Description of the task: Drop the pictures and restate the rest of the listing word for word.

Exercise data:
◇ ◇ ◇ ◇
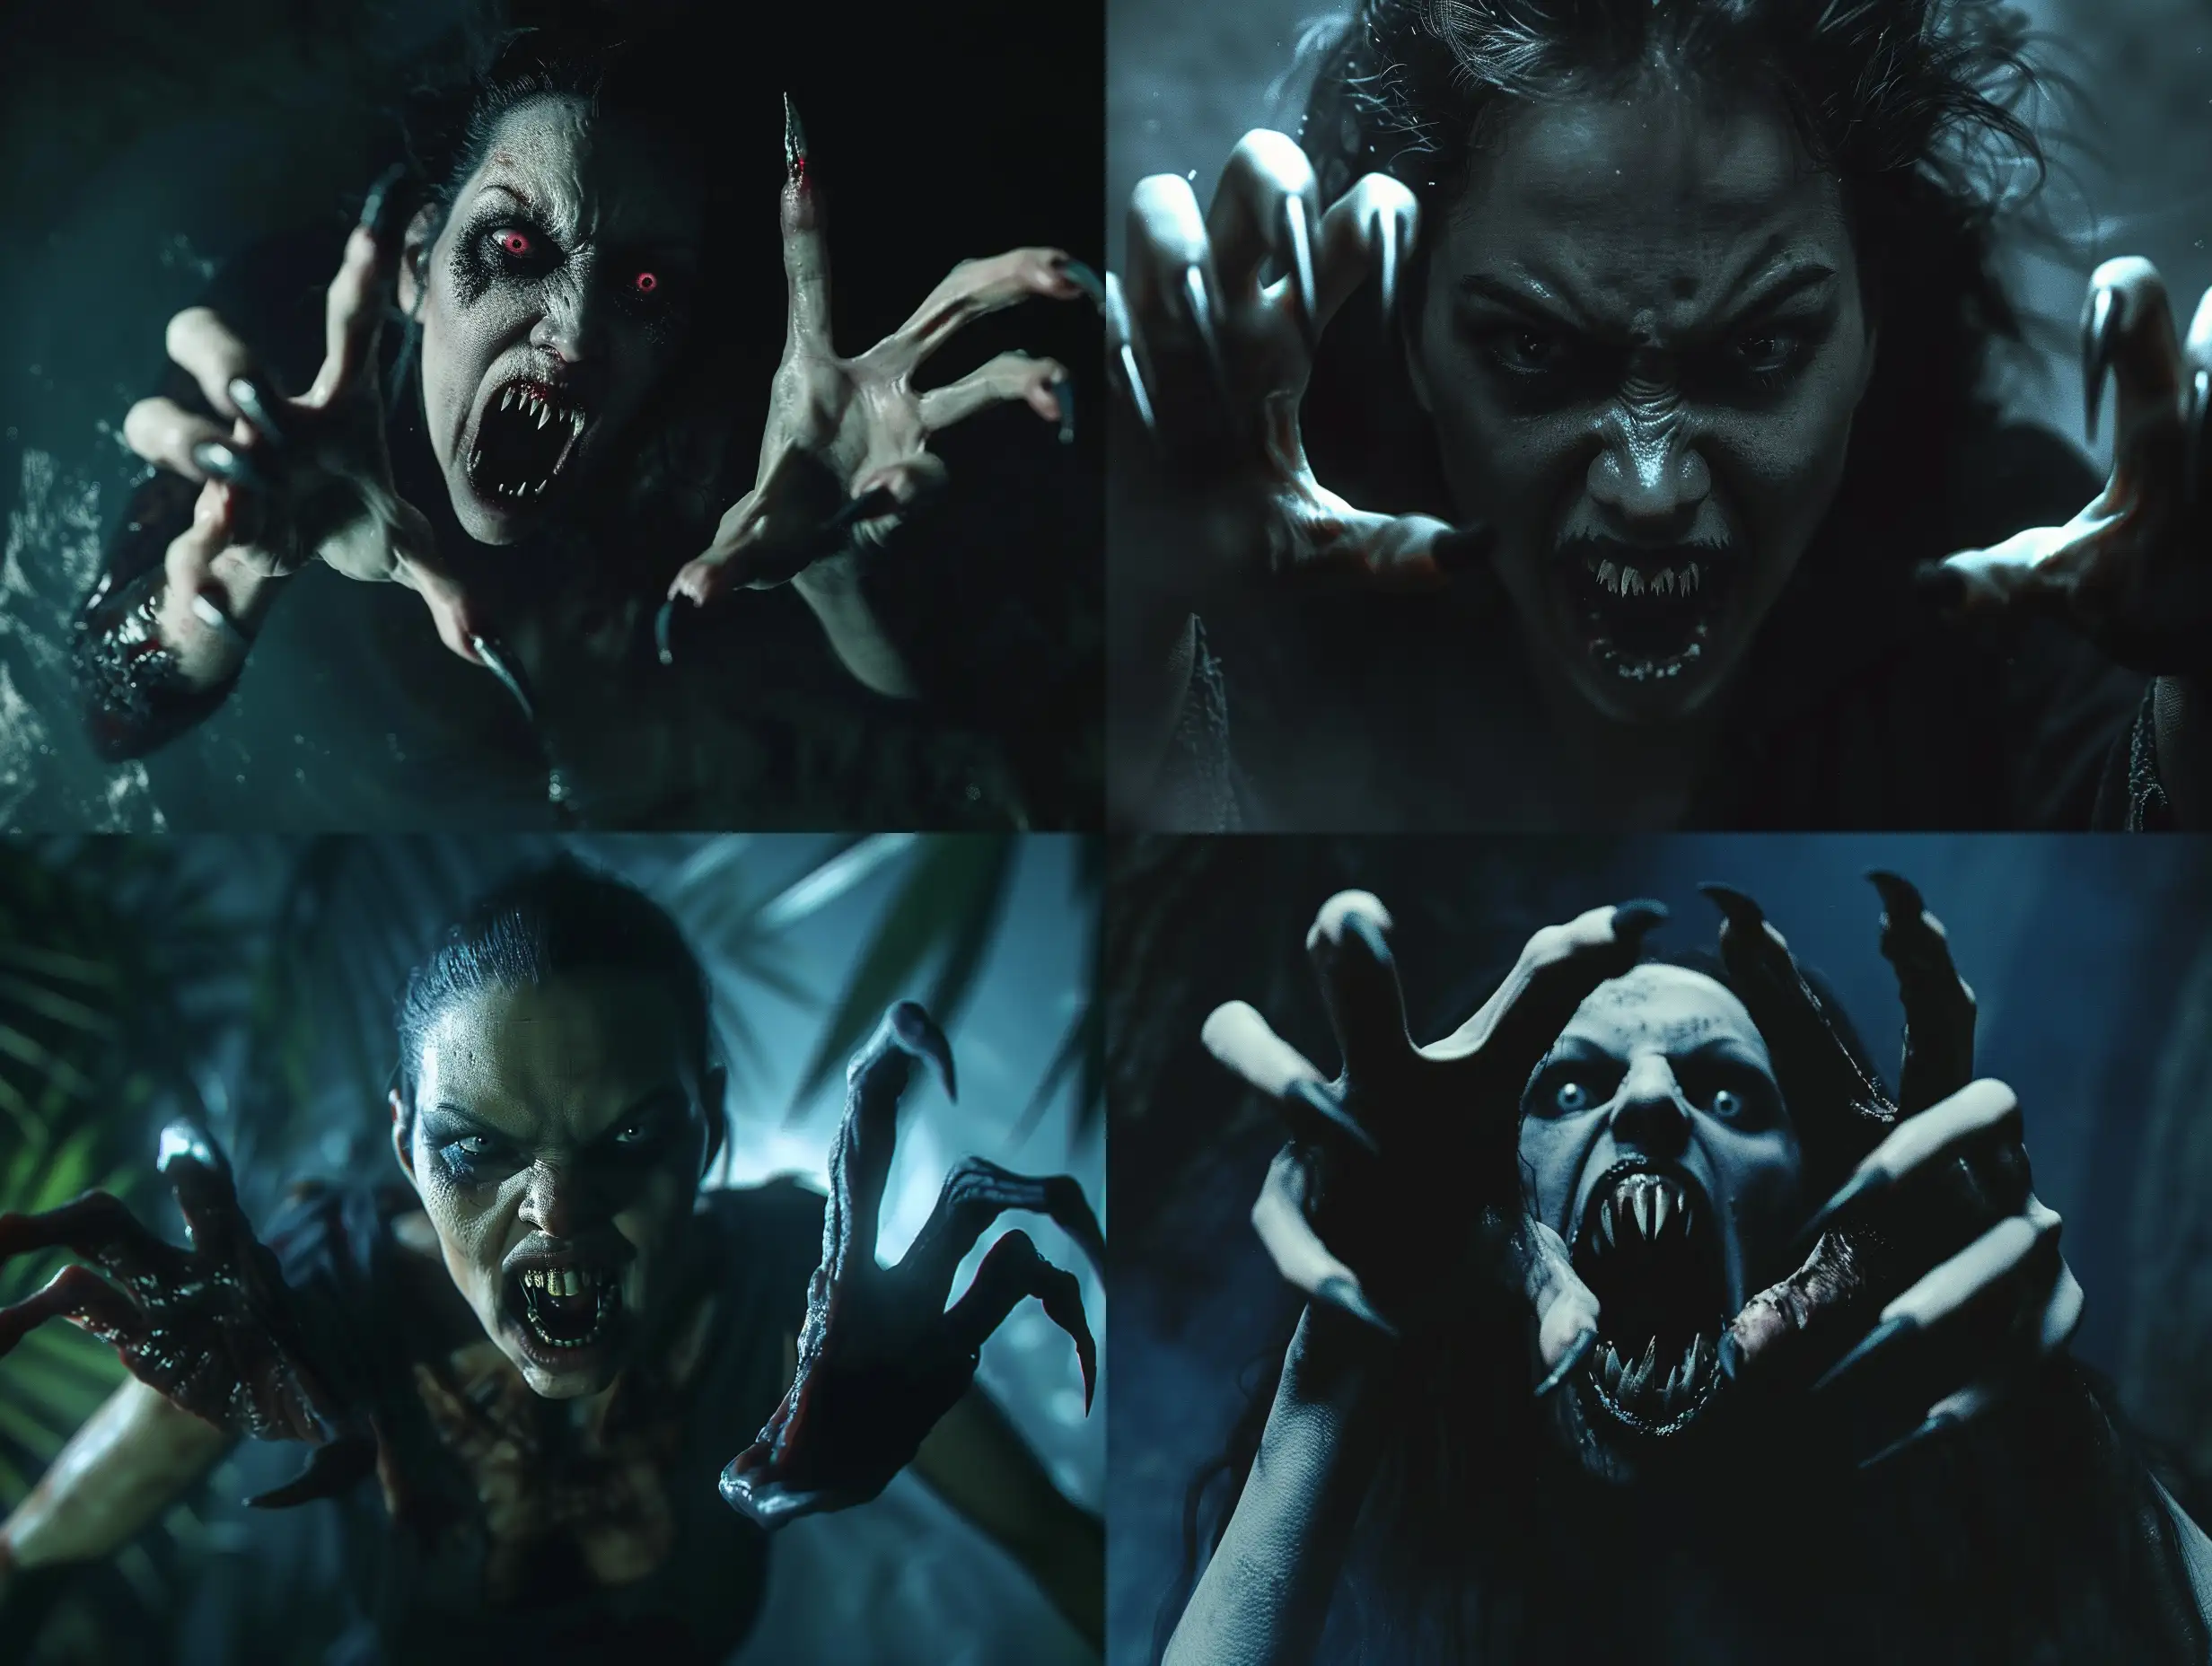 A photorealistic scene of a wild, monstrous vampire woman emerging from the darkness, with an eerie and haunting atmosphere. The vampire has extra long pointed fingernails on each hand, resembling the claws of a predator, and her mouth is threateningly open, revealing terrible teeth that look like fangs. She appears as if she climbed out of the grave, with hyper-realistic details such as full anatomical precision and highly textured features. The scene is cinematic, with intense and atmospheric lighting that emphasizes the smallest details, creating a realistic and aggressive dark atmosphere. The focus is on creating a high-quality, hyper-realistic portrayal of this undead creature, ensuring that every aspect is detailed and textured to convey a sense of horror and terror. The aim is to generate a night-time scene that is truly creepy, spooky, and terrifying while maintaining realistic anatomy and flawless execution
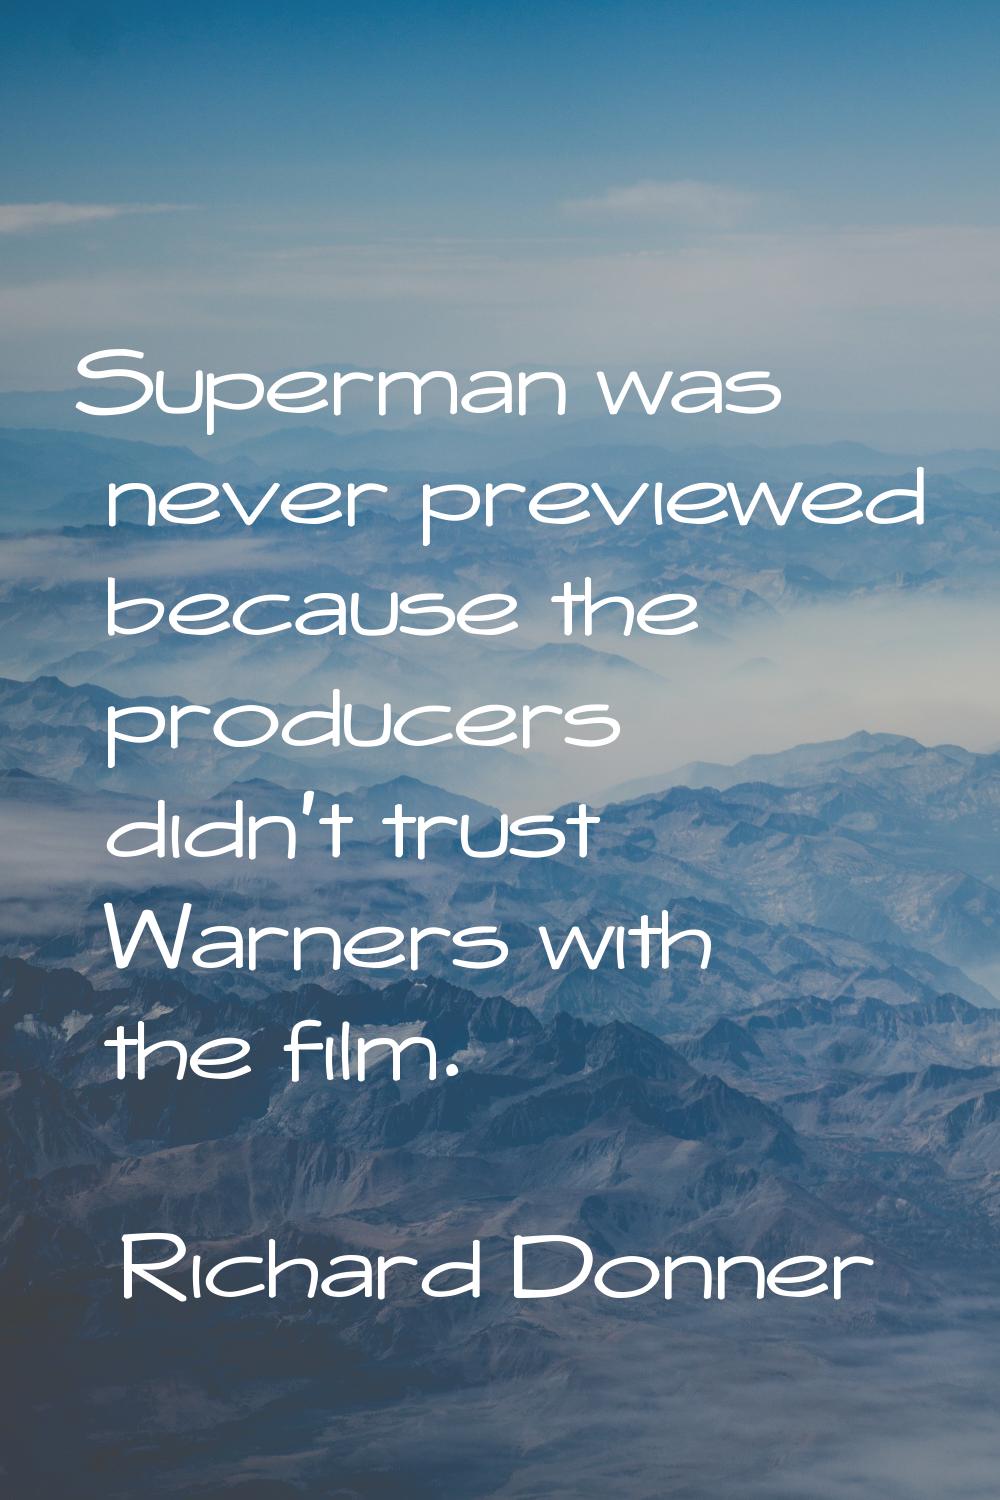 Superman was never previewed because the producers didn't trust Warners with the film.
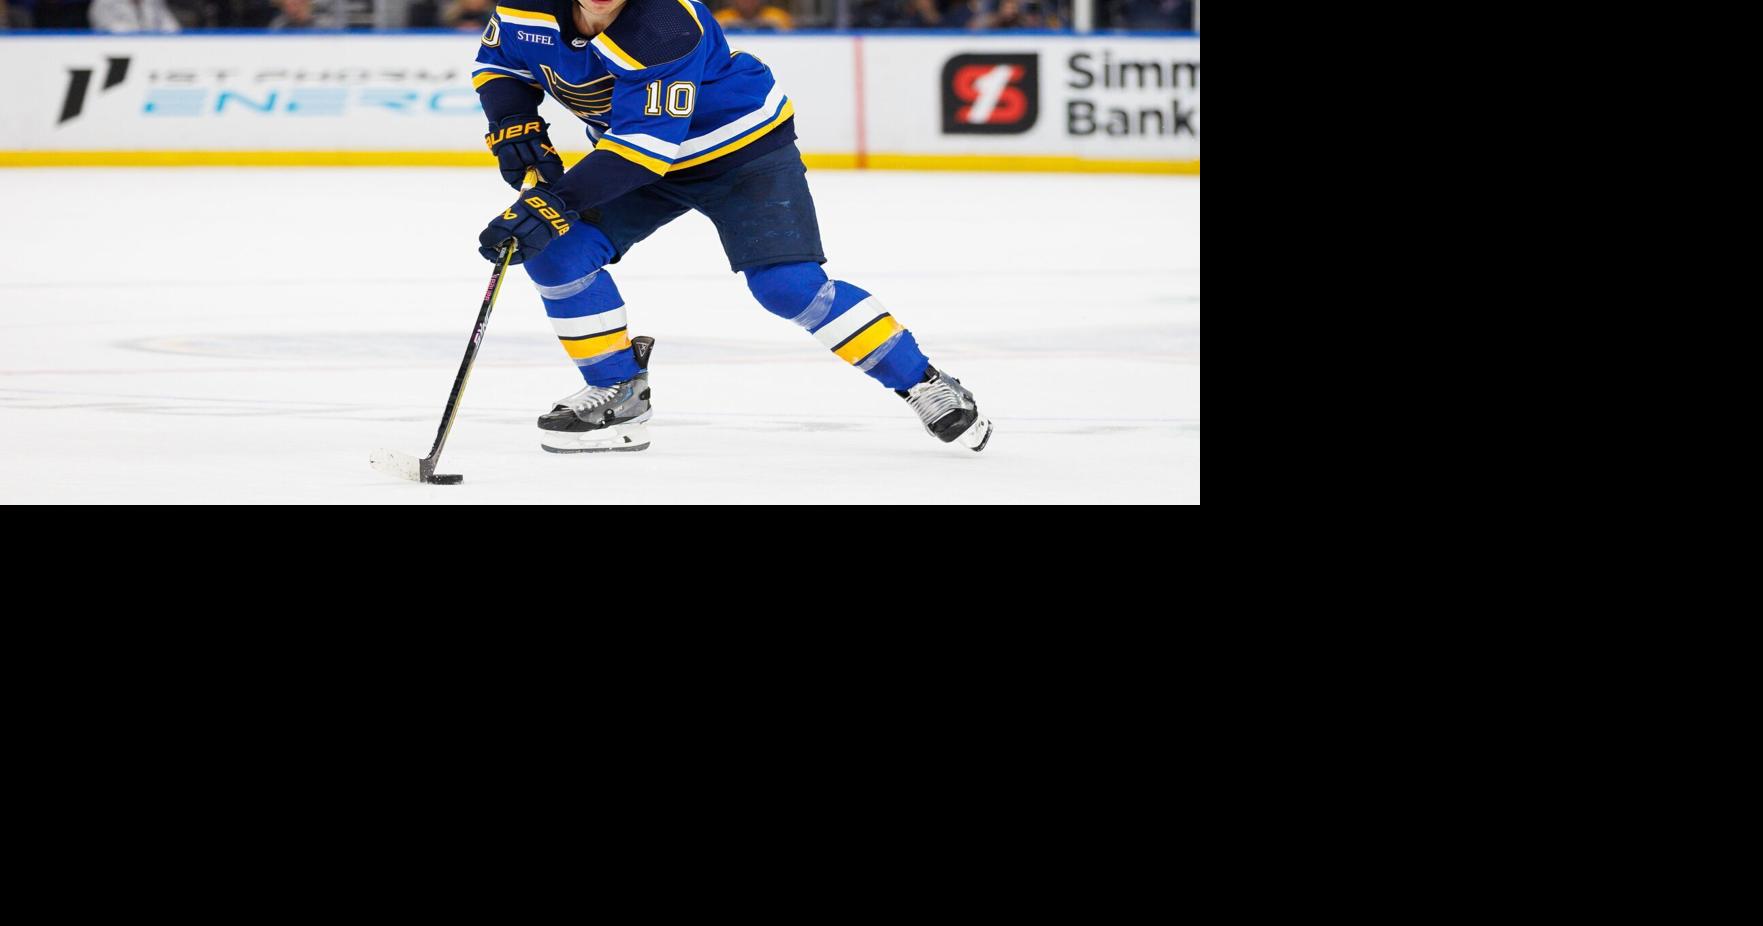 Brayden Schenn Is The St. Louis Blues' Captain - 24th In Franchise History
◇ ◇ ◇ ◇
Written answer:
 A photorealistic scene of a wild, monstrous vampire woman emerging from the darkness, with an eerie and haunting atmosphere. The vampire has extra long pointed fingernails on each hand, resembling the claws of a predator, and her mouth is threateningly open, revealing terrible teeth that look like fangs. She appears as if she climbed out of the grave, with hyper-realistic details such as full anatomical precision and highly textured features. The scene is cinematic, with intense and atmospheric lighting that emphasizes the smallest details, creating a realistic and aggressive dark atmosphere. The focus is on creating a high-quality, hyper-realistic portrayal of this undead creature, ensuring that every aspect is detailed and textured to convey a sense of horror and terror. The aim is to generate a night-time scene that is truly creepy, spooky, and terrifying while maintaining realistic anatomy and flawless execution
 Superman was never previewed because the producers didn't trust Warners with the film.
 Brayden Schenn Is The St. Louis Blues' Captain - 24th In Franchise History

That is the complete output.